INFORMATION SHOWN ->
================================
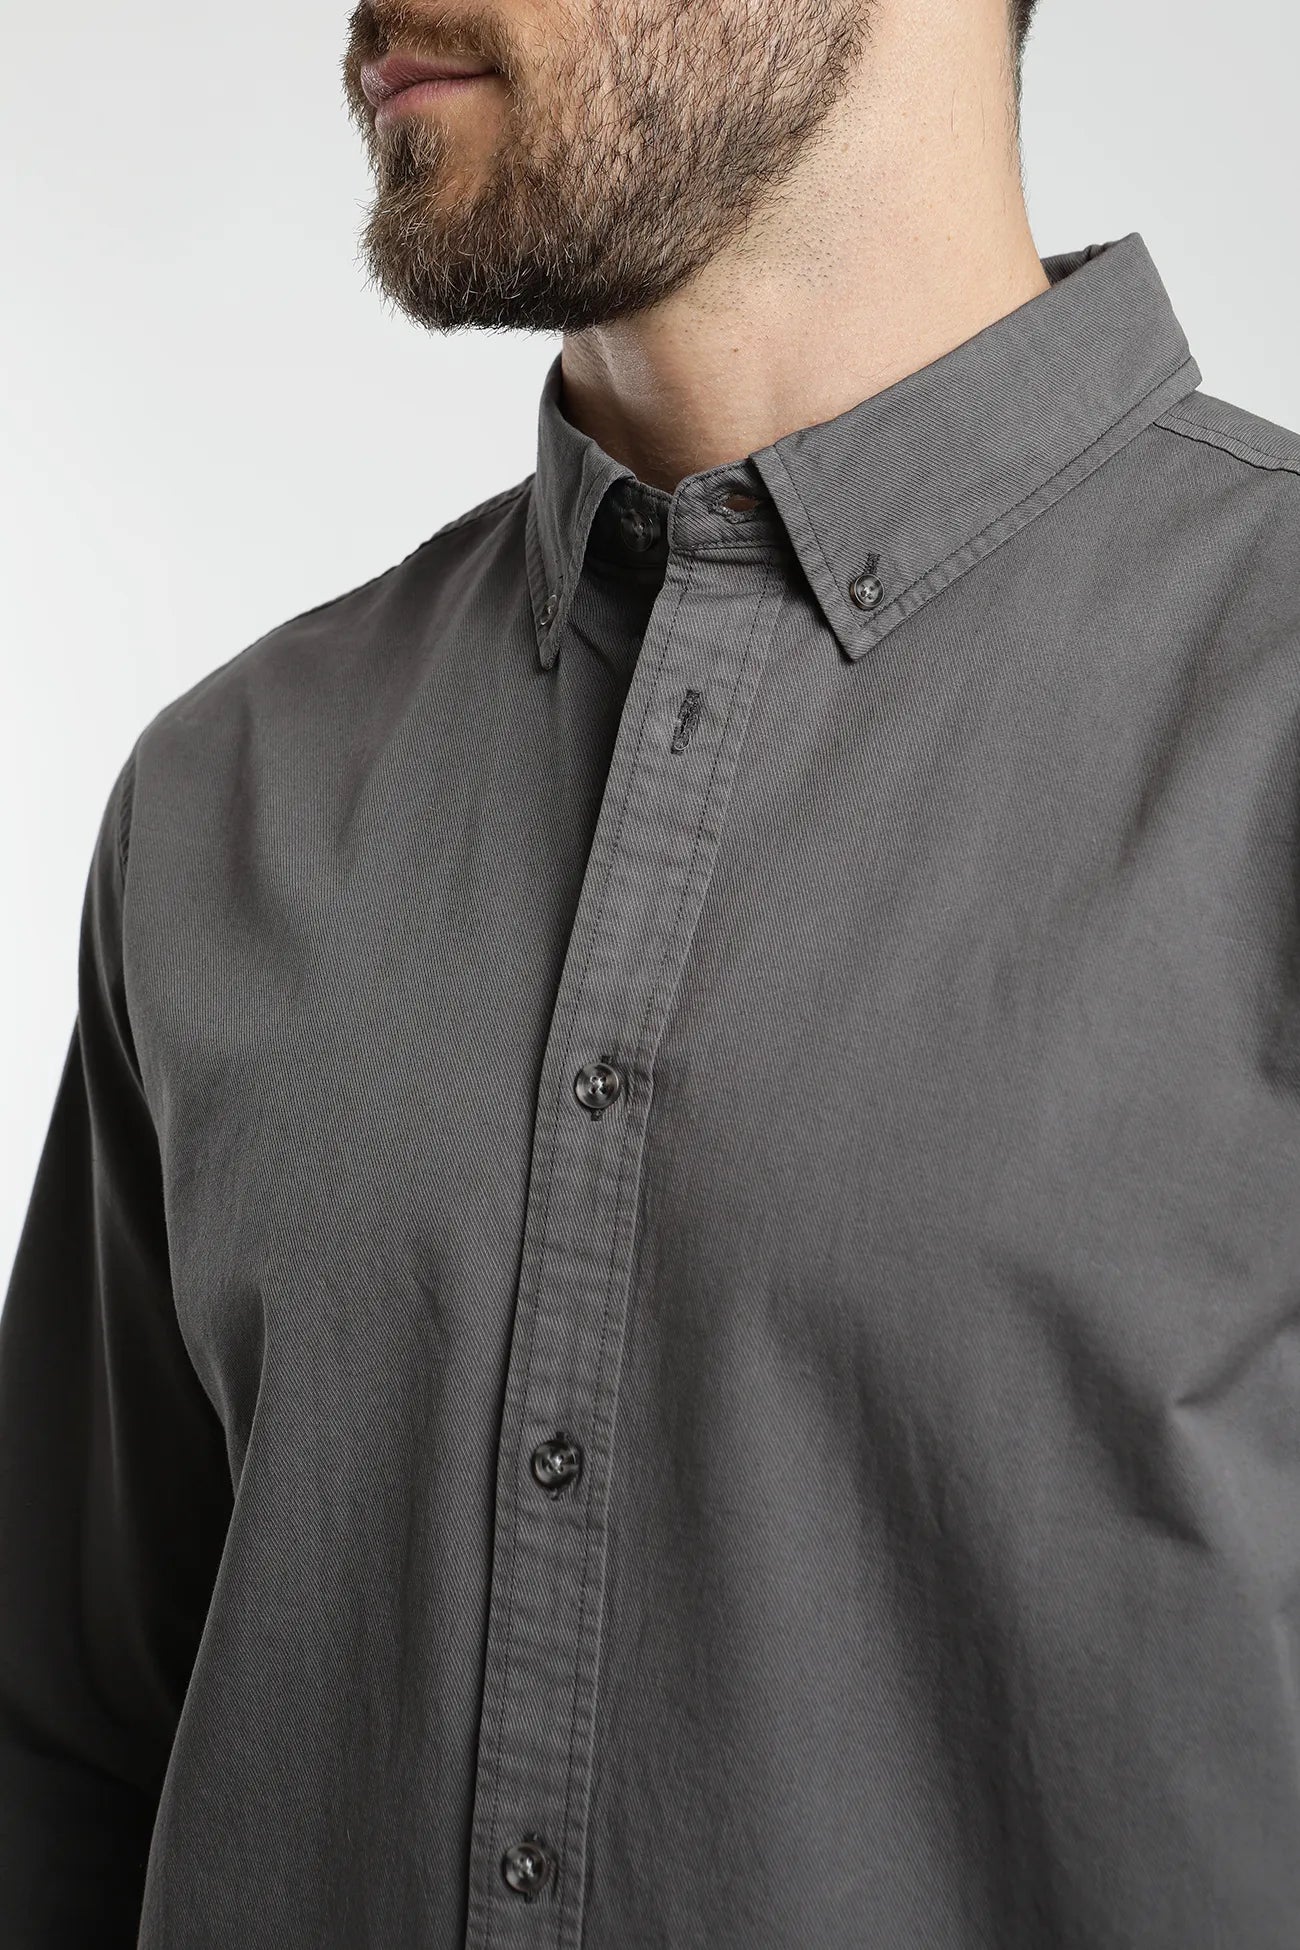 Camisa manga larga Sarga grafito - Algodón orgánico
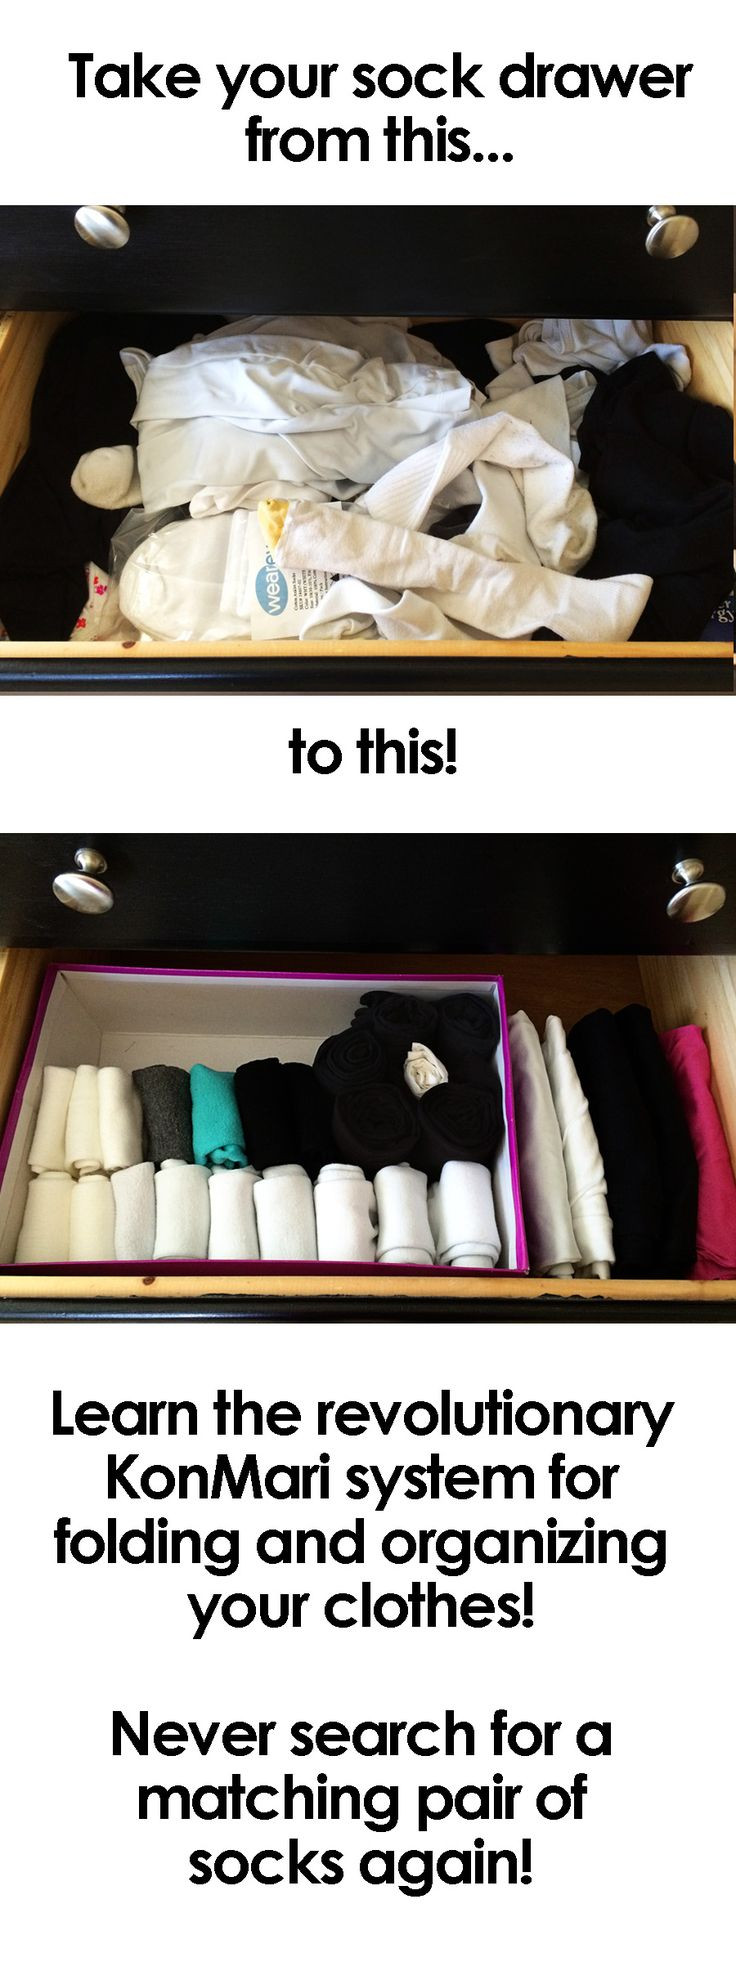 DIY Sock Drawer Organizer
 Best 25 Sock drawer organizing ideas on Pinterest
================================
DIRECTIONS FOR THIS TASK -> The answer should match the data above word for word, with no pictures in it.

FINISHED TASK ->
 Camisa manga larga Sarga grafito - Algodón orgánico
 DIY Sock Drawer Organizer
 Best 25 Sock drawer organizing ideas on Pinterest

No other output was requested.